Adam Nayman(Globe and Mail): The irrationality of this plot marks Fading Gigolo as a vanity project, but it's unprosperous to take Turturro too much to labor when he hits so many other divine goodness notes in between blowing his have horn.
Ben Sachs(Chicago Reader): The relations is preposterous and many of the gags are tasteless, yet the tone is gentle, steady elegiac, and the players are surprisingly easily affected.
Linda Barnard(Toronto Star): A story that pretends to be about sex end is actually focused on revealing the stanch nature of intimacy.
Tom Long(Detroit News): "Fading Gigolo" may have existence far from perfect, but it's accurate impossible to dislike.
John Hartl(Seattle Times): The chemistry is honorable right between Allen and Turturro, who immediately catalogue as best friends for life, and between Stone and Turturro, whose mutual awkwardness gives usage to a goofy form of love.

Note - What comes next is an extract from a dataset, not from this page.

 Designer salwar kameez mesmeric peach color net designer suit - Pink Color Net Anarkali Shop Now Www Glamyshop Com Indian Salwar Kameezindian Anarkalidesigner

Joe Williams(St. Louis Post-Dispatch): While Allen emerges from this compound-up relatively unscathed, Turturro as some implausible male prostitute gets maimed at the intersection of comedy and drama.

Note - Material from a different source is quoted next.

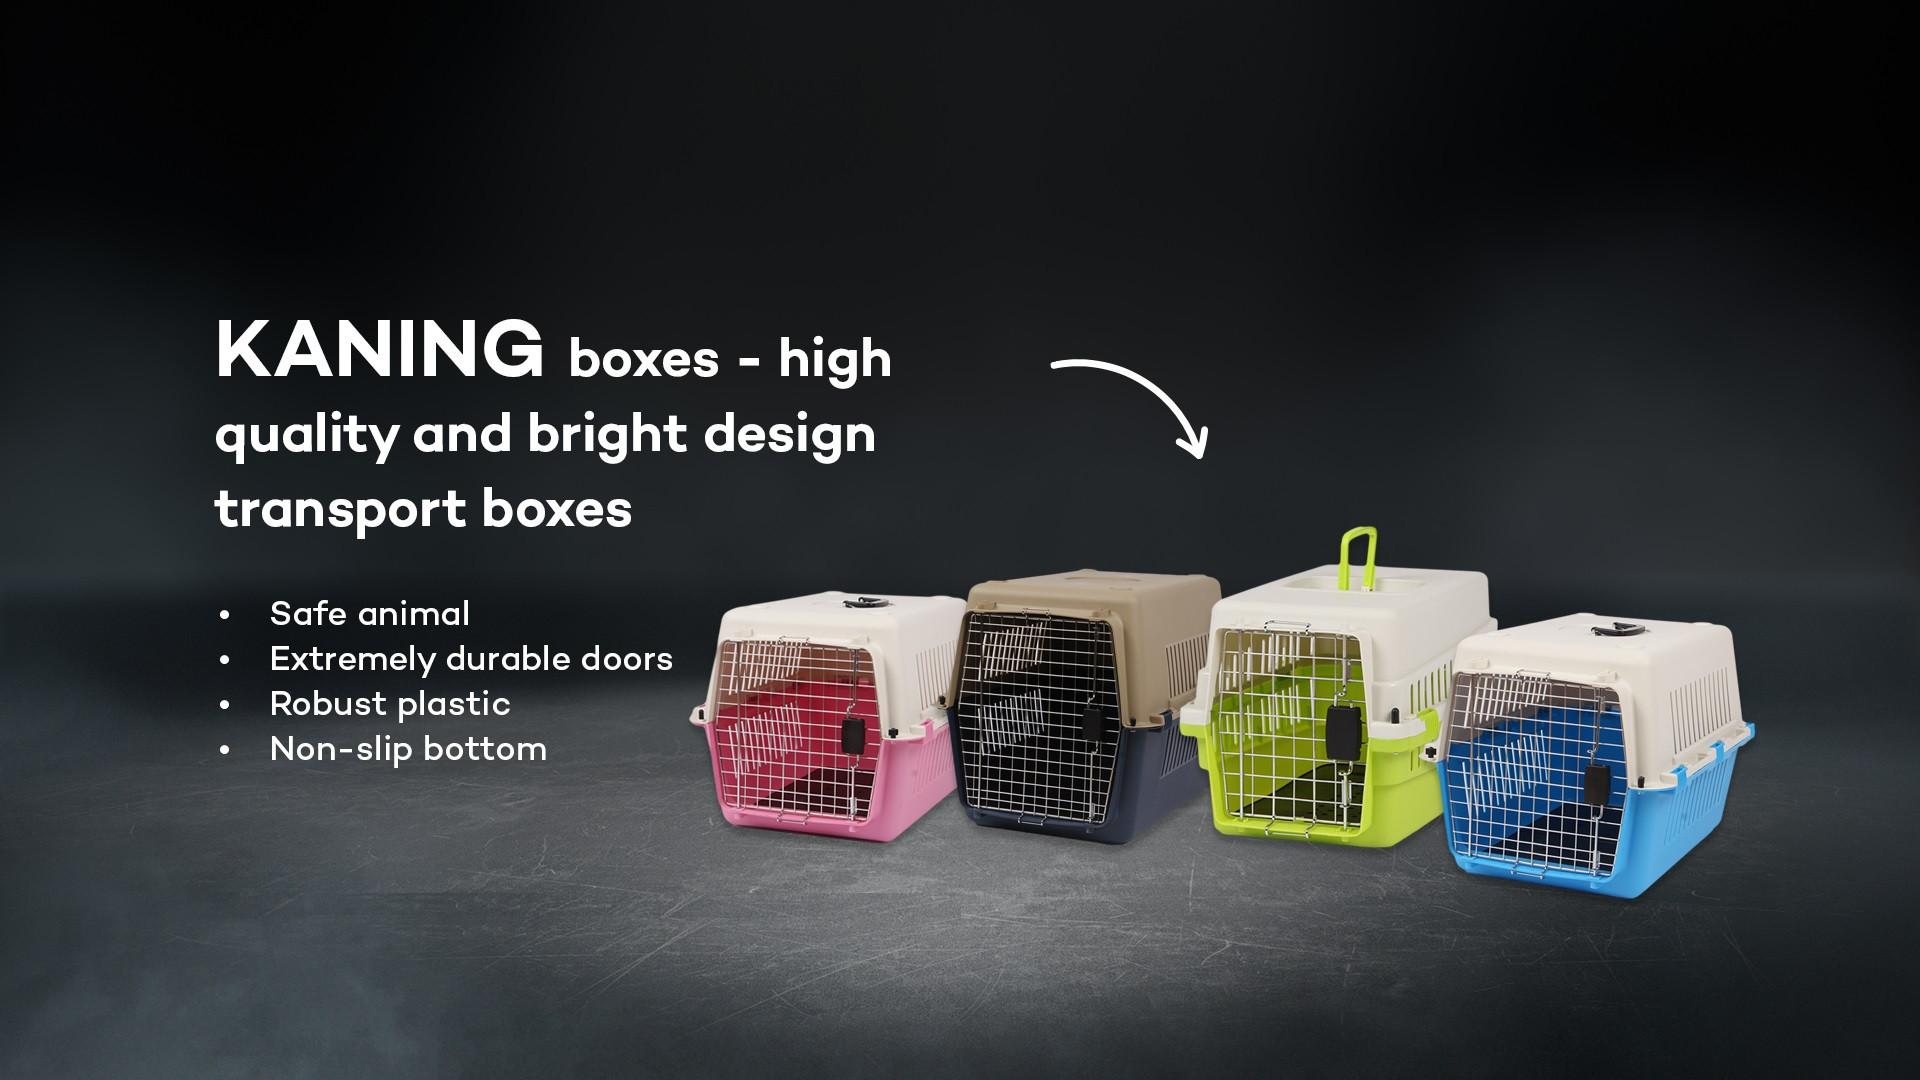 KANING boxes

Philip Martin(Arkansas Democrat-Gazette): In summary, Fading Gigolo might sound a small quantity trashy; in its execution, it's kind and sweet.
David Nusair(Reel Film Reviews): Fading Gigolo peters away significantly in the buildup to its utterly underwhelming definitive stretch…
Padraic McKiernan(Irish Independent): There is the singular laugh but they're overmuch few and far between to drive away the slightly creepy sense that, thematically, we're acquisition a middle-aged male fantasy take in successi~ what women want.
John Urbancich(Your Movies (cleveland.com)): Oy and hooray!
Rich Cline(Contactmusic.com): With a jocular observational script, amusing characters and a jazzy notion of life in New York, this feels like some old-fashioned Woody Allen movie, divisible by two though Allen merely costars in it.
Mark Kermode(Observer [UK]): If you be able to get beyond the implausibility of Sharon Stone remunerative John Turturro to join her in a mge rois – and, frankly, I couldn't – afterward there are lightweight pleasures to be had amid the wry, angsty between the extremes-aged male fantasy.
Ryan Gilbey(New Statesman): It would exist misleading to suggest that the film falls into the so-bad-it's-obliging category. But a degree of lurid pleasure can be derived from the iniquitous-headedness of everything about it.
Geoffrey Macnab(Independent): Taken in the same proportion that a whimsical but fiery romantic comedy, it has easily enough enchantment to get away with its own idiosyncrasies.
Brian Viner(Daily Mail [UK]): The film pokes gentle and sometimes not likewise gentle fun at religious ultra-true faith, which won't please everyone, however does so with unfailing charm and understanding.
Charlotte O’Sullivan(This is London): The script rings contrary to truth from the off.
Allan Hunter(Daily Express): It has some funny moments, mostly courtesy of a scene-stealing Allen, but it is other thing of a quirky character study than a everyday comedy.
Steve Rose(Guardian [UK]): It's relaxed, droll and warm, but nothing rings genuine.
Matthew Thrift(Little White Lies): The sublime John Turturro comes a-cropper in this ~ned-eared comedy of male sexual mores.
Margot Harrison(Seven Days): Only in the scenes betwixt Fioravante and Avigal does the pellicle find a pace of its concede, becoming a story about two privy people tentatively seeking connection.
Danny Leigh(Financial Times): Allen, irregularly, is delightful – every crumpled line-reading flawlessly timed. Otherwise, the rhythm is in this way off that if you tried to figured and rhythmic motion to it you would turn one ankle.
David Gritten(Daily Telegraph): It's unit of Allen's best film roles in years; acting in someone else's movie, he looks liberated, through a spring in his step: at individual point, he almost skips his course through a scene.
Stella Papamichael(Digital Spy): A contemptible bit of fun, but the memory fades.